A beautiful performance of one of Puccini's masterpieces with a glorious butterfly AnnaMoffo and an excellent cast, an adorable child that will bring tears to your eyes.

 

English Summary:

This 1956 RAI telecast stars Anna Moffo in the performance that brought her international renown. Renato Cioni sings Pinkerton and Afro Poli sings Sharpless. Oliviero de Fabritis leads the Orchestra & Chorus of Radio televisione Italiana Milano.

When Anna Moffo stepped before the cameras of RAI in Milan on January 24, 1956 for a telecast of Madama Butterfly, the young soprano from Wayne, Pennsylvania was virtually unknown.

Normally, RAI television productions relied upon seasoned, popular performers. However, for this telecast, director Mario Lanfranchi wanted a soprano who would appear credible as the fifteen-year-old described by Puccini's librettists. He settled on Anna Moffo, and, in doing so, started the young singer on an upward career trajectory of breathtaking speed. In 1956 alone, Moffo was subsequently cast in leading roles in RAI telecasts of Falstaff, Mosé and La Sonnambula. She was also chosen by conductor Antonio Votto for the role of Musetta in the Callas recording of La Boheme and, in November, opened the 1956-57 San Carlo Opera season as Nannetta in Falstaff. Debuts at La Scala, the Salzburg Festival under Von Karajan, and the Vienna State Opera followed closely in 1957 with a Chicago Lyric Opera
debut as Nannetta and Liu in 1958. Moffo's rapturously-received first appearance at the Metropolitan Opera as Violetta in La Traviata occurred just one year later. That debut elicited one of Variety's more whimsical headlines: Moffo Boffo! Cio-cio san is one of the most demanding roles in opera, requiring beauty of sound, dramatic credibility, vocal resources to ride above a heavy orchestration, and stamina. From the time of her first appearance, Cio-Cio San is rarely off Stage. As is apparent from this performance, Anna Moffo filled all of these requirements superbly, and this from a singer barely on the brink of her career! 

 

Giacomo Puccini
Madama Butterfly

Cast:
Cio-Cio San - Anna Moffo
Pinkerton - Renato Cioni
Sharpless - Afro Poli
Suzuki - Miti Truccato Pace
Goro - Gino Del Signore
Kate Pinkerton - Letla Dori
Il principe Yamadori - Pierluigi Latinucci
Lo zio Bonzo - Dimitri Lopatto
Il commissario imperiale - Aristide Baracchi

 

Orchestra and Chorus of Radiotelevisione Italiana Milano
Oliviero De Fabritiis
Directed by Mario Lanfranchi

 

Anna Moffo (June 27, 1932 – March 9, 2006) was an American opera singer, television personality, and actress. One of the leading lyric-coloratura sopranos of her generation, she possessed a warm and radiant voice of considerable range and agility. Noted for her physical beauty, she was nicknamed "La Bellissima".

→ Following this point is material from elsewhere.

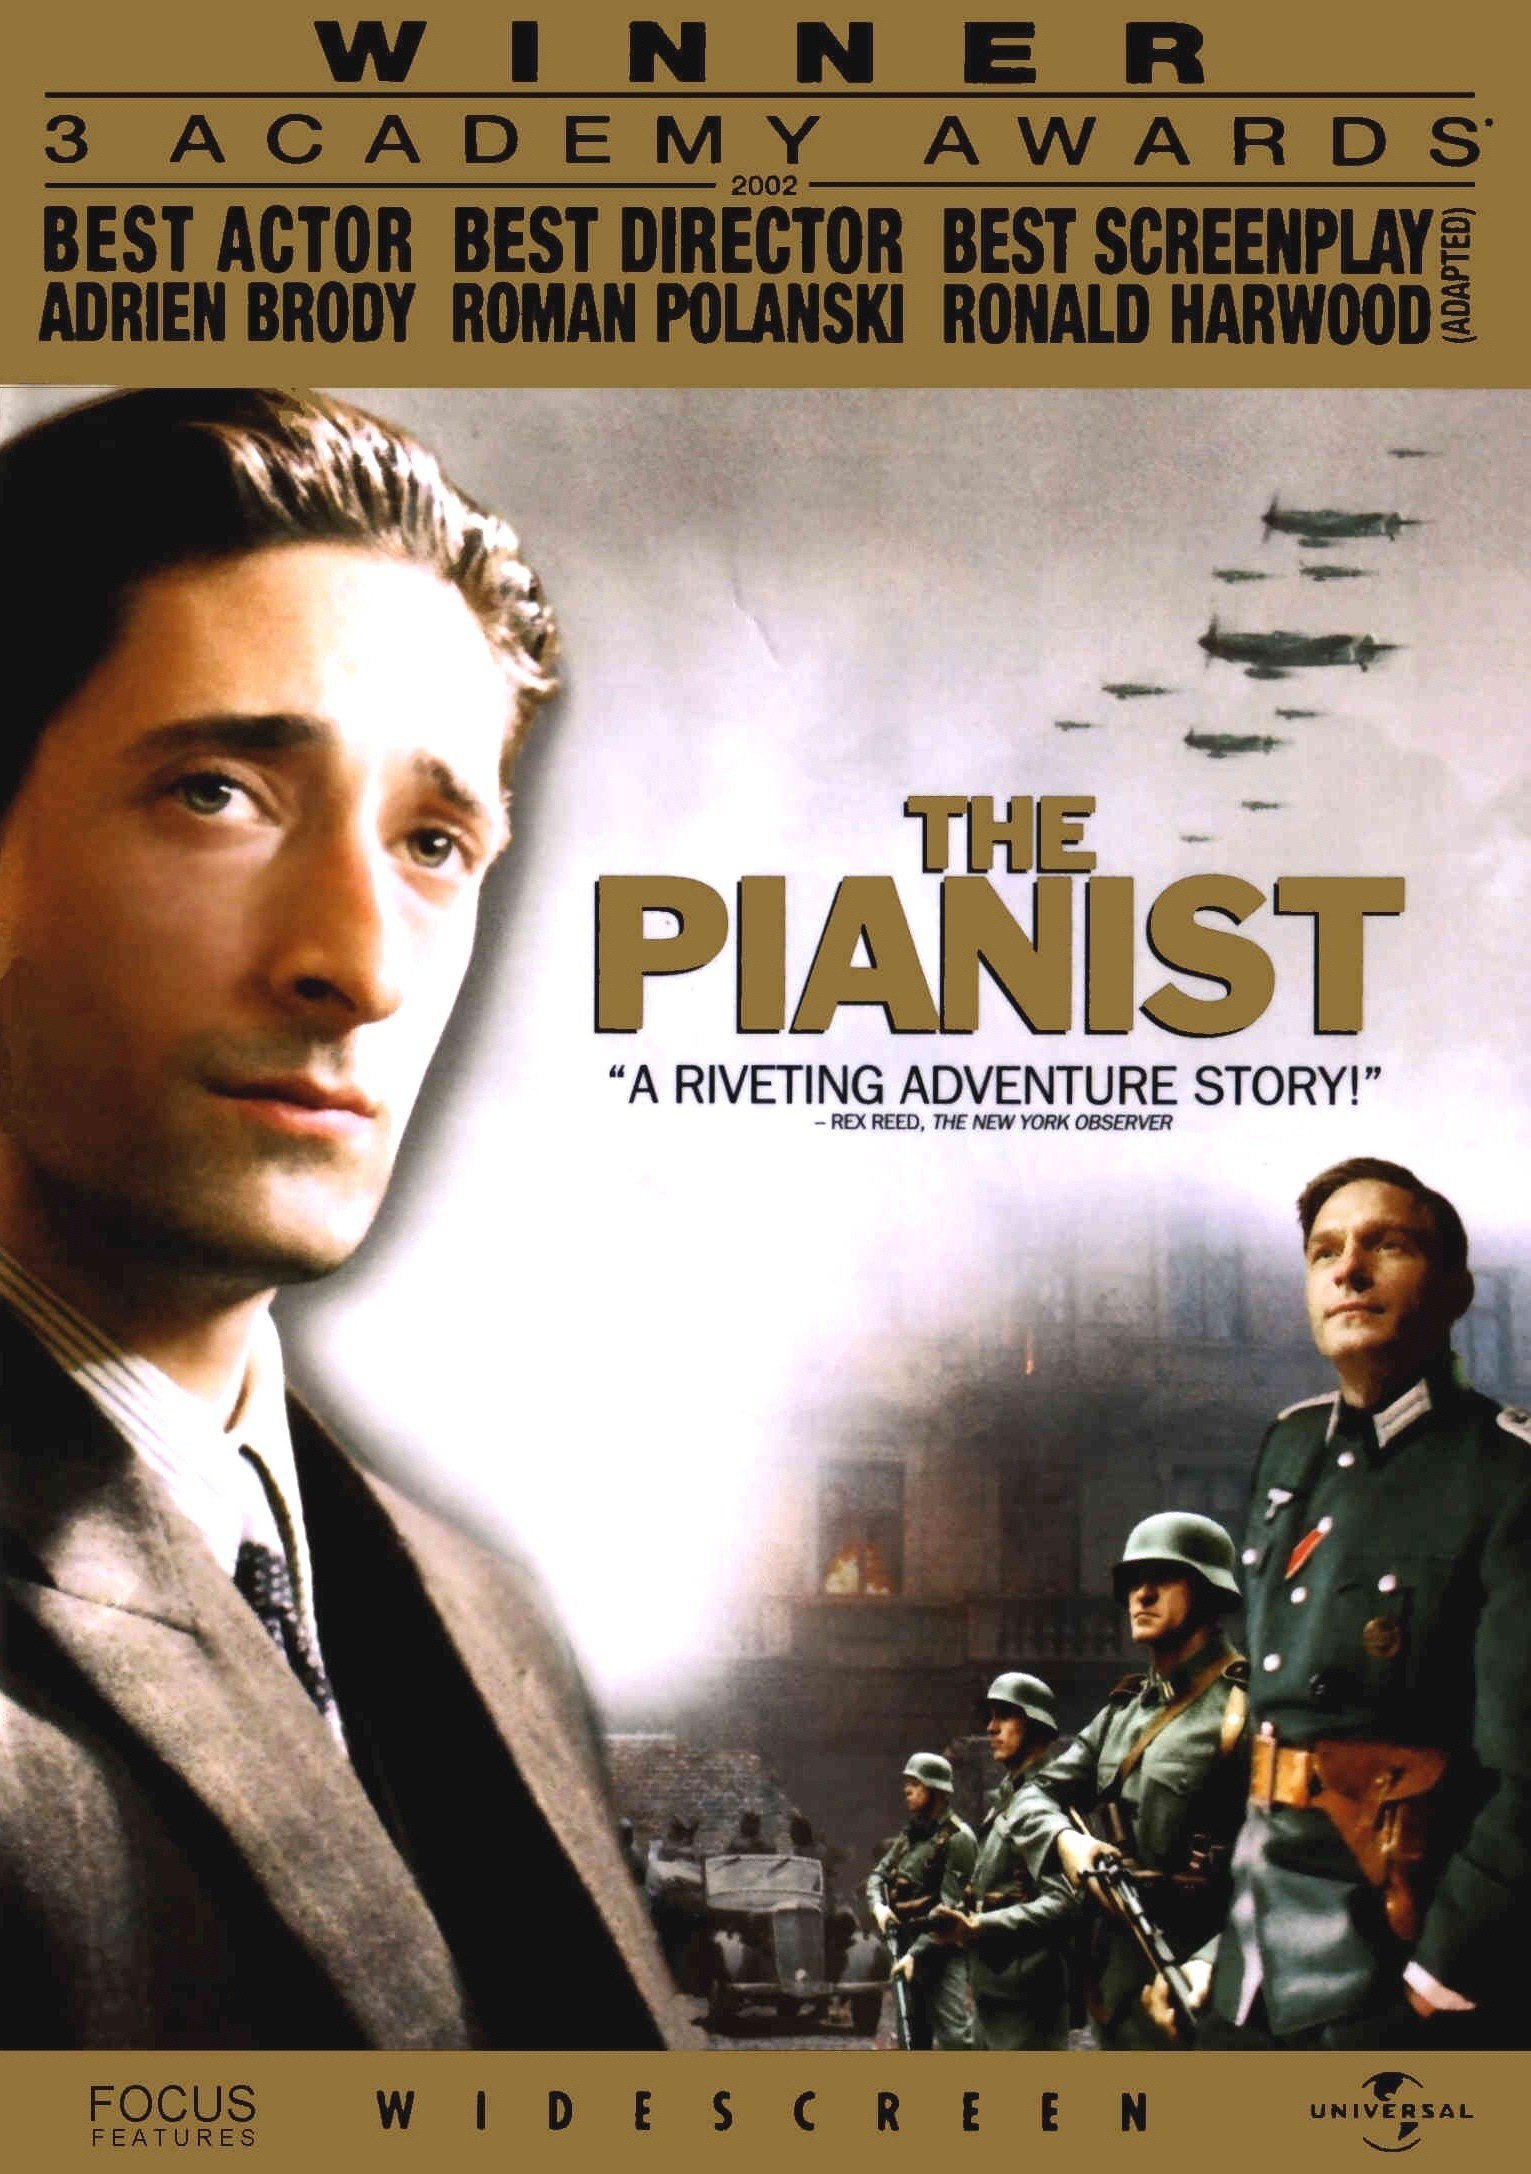 The pianist (2002)

Winning a Fulbright Scholarship to study in Italy, Moffo became popular there after performing leading operatic roles on three RAI television productions in 1956. She returned to America for her debut at the Lyric Opera of Chicago on October 16, 1957. In New York, her Metropolitan Opera debut took place on November 14, 1959. She performed at the Met for over seventeen seasons. Moffo's earliest recordings were made for EMI Records; she signed an exclusive contract with RCA Victor in 1960, recording for the company until the late 1970s. In the early 1960s, she hosted her own show on Italian television and appeared in several operatic films along with other non-singing roles.

In the early 1970s Moffo extended her international popularity to Germany through operatic performances, TV appearances, and several films, all while continuing her American operatic performances. Due to an extremely heavy workload, Moffo suffered a serious vocal-breakdown from which she never fully recovered. Her final appearance at the Metropolitan Opera was in 1983.